Matthew Weihs, Managing Director, Bench Events, the organiser of the Africa Hotel Investment Forum (AHIF), which attracts all the major international hotel investors in Africa, where this report will be discussed in detail, concluded: “Africa is becoming an increasingly attractive place to do business. There is much less conflict and political unrest than a decade ago; continent-wide economic growth is around5% and that is forecast to continue, national economies are becoming less reliant on natural resources and many countries have taken steps to become more business friendly and to attract international investment.
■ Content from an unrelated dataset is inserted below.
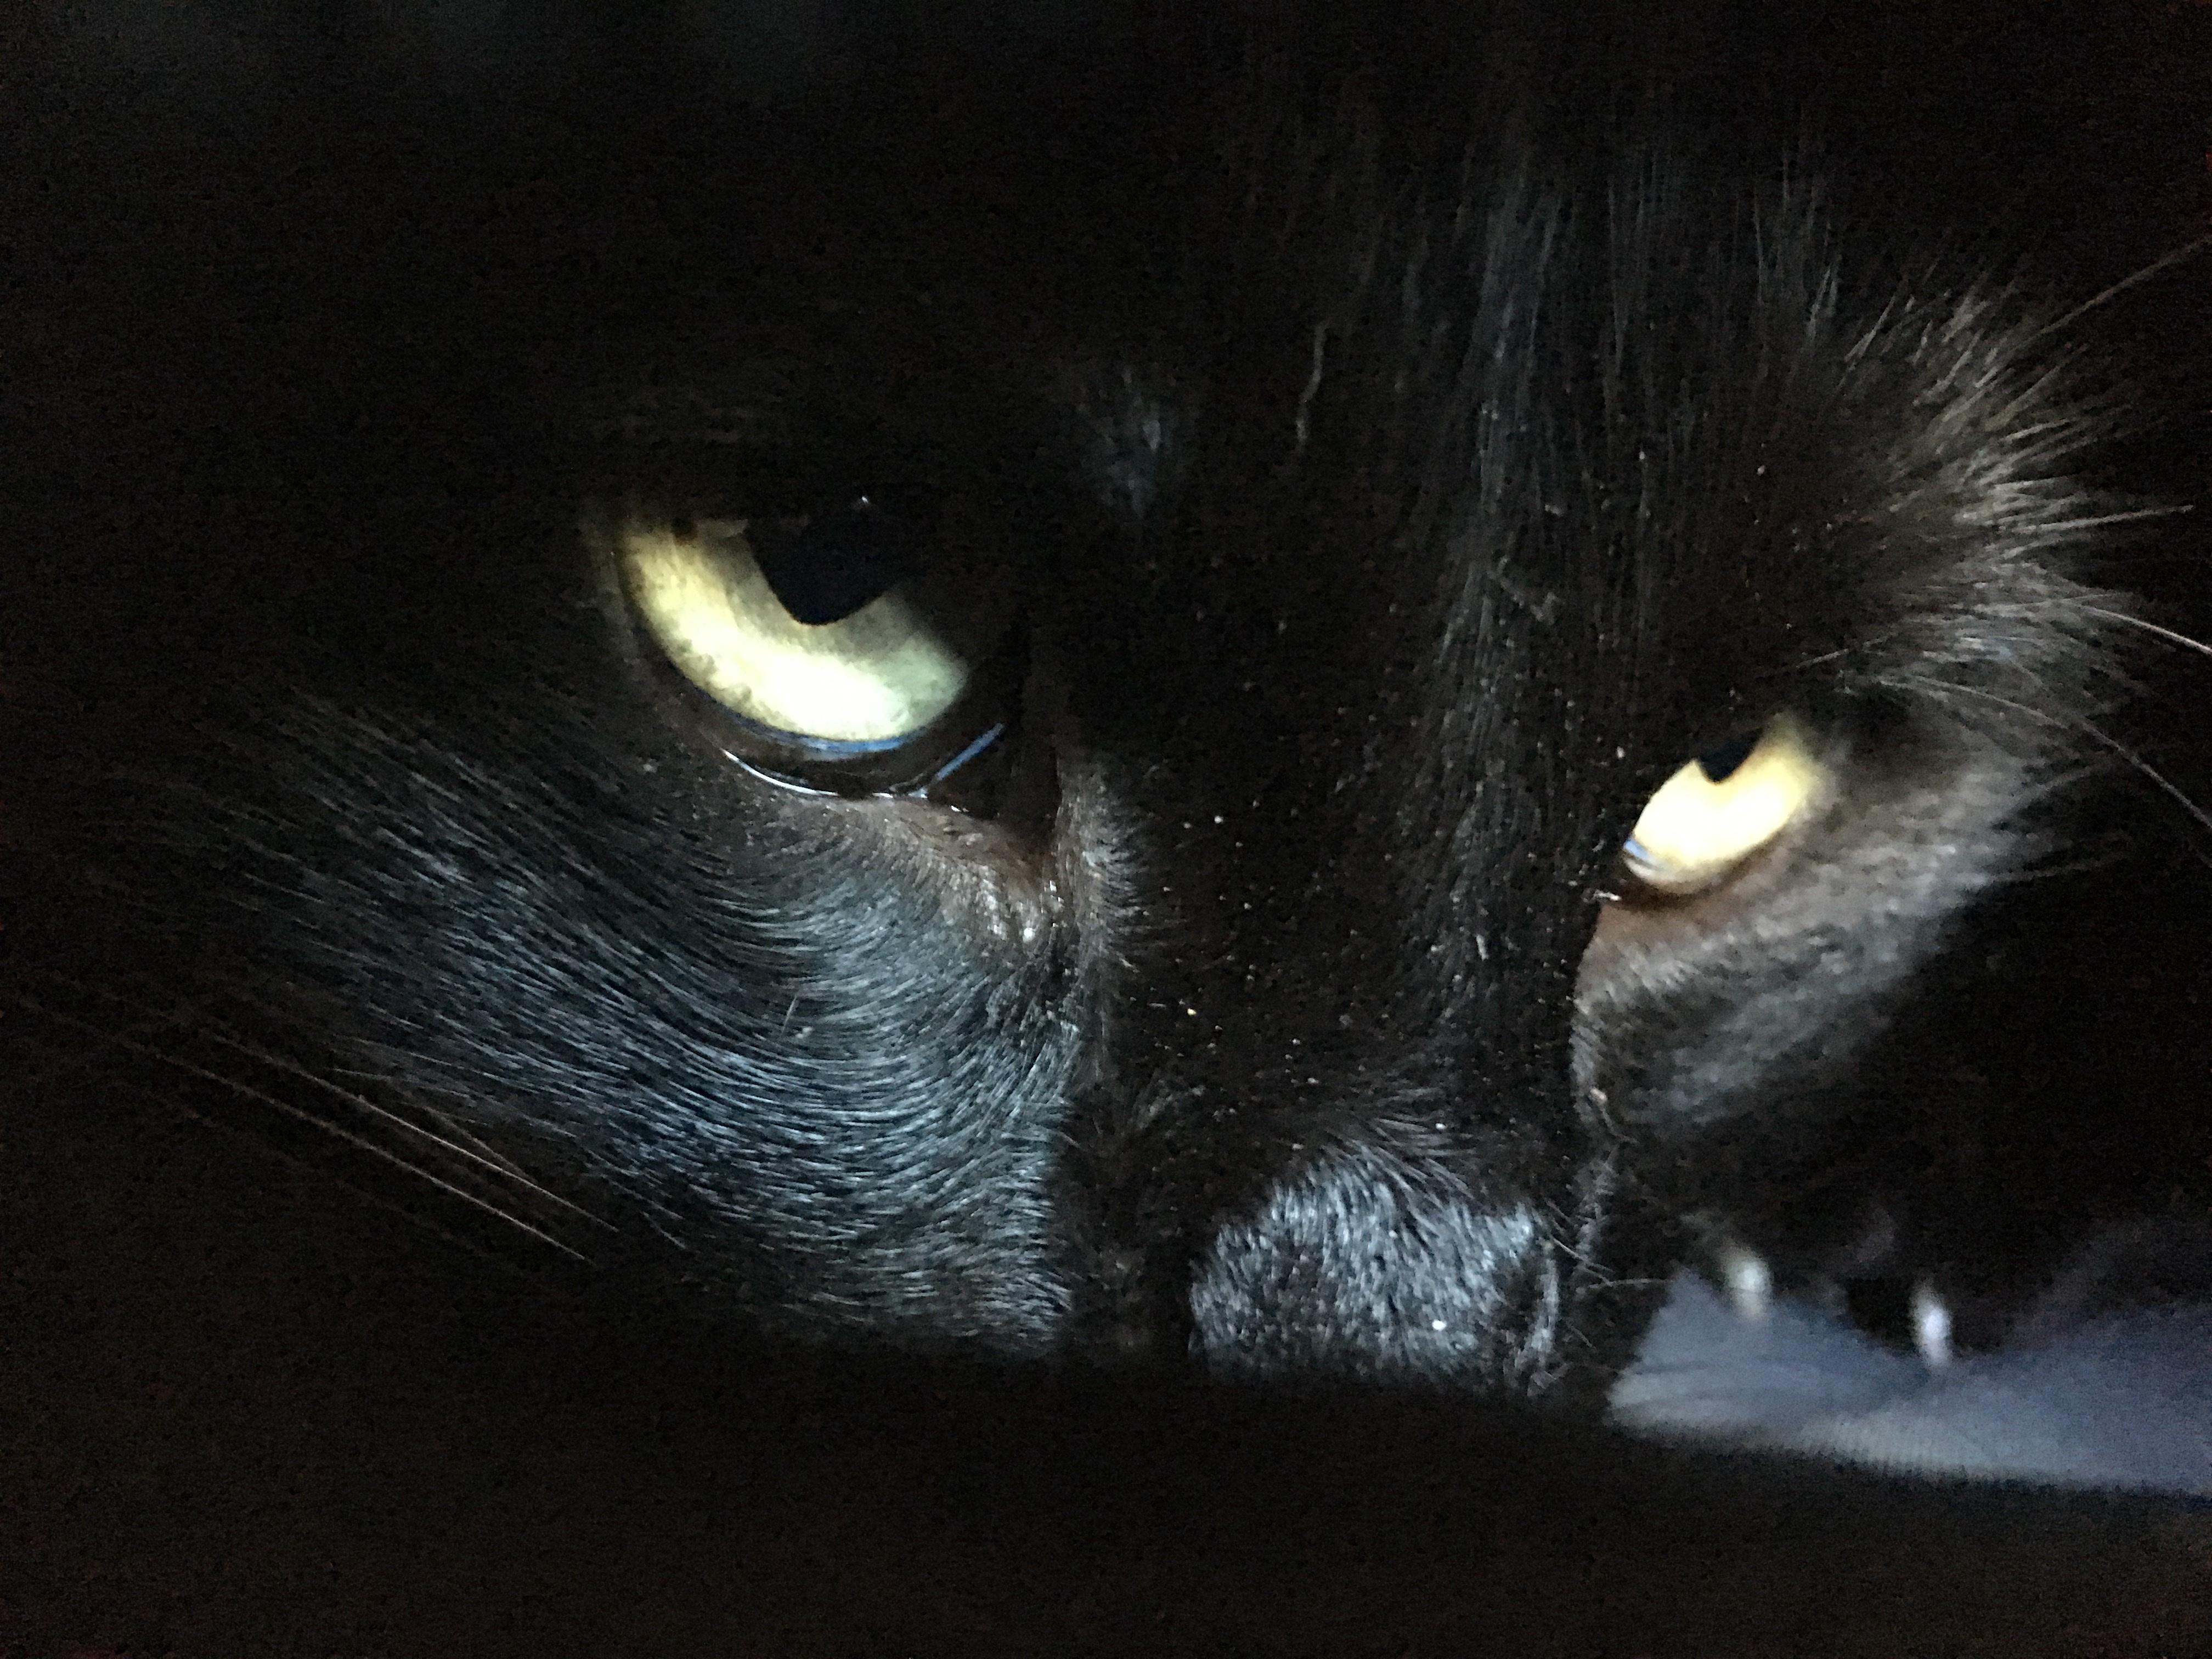 планируется картинки глаз черной кошки ожившие предметы

As we can see from this fascinating report, those strategies are paying off handsomely.”
AHIF is the preeminent gathering of international investors in hotels in Africa. It takes place in Addis Ababa on Sept 30 – October 1, 2015.
The W Hospitality Group, a founding member of Hotel Partners Africa, specialises in the provision of advisory services to the hotel, tourism and leisure industries, providing a full range of services to clients who have investments in the sector, or who are looking to enter them through development, acquisition or other means.
In sub-Saharan Africa W Hospitality Group is regarded as the market leader due to the market and financial expertise of its staff, its worldwide knowledge, and its commitment to its clients. In Africa, W Hospitality Group has to date worked in 36 countries on the continent, from its Lagos and Addis Ababa offices.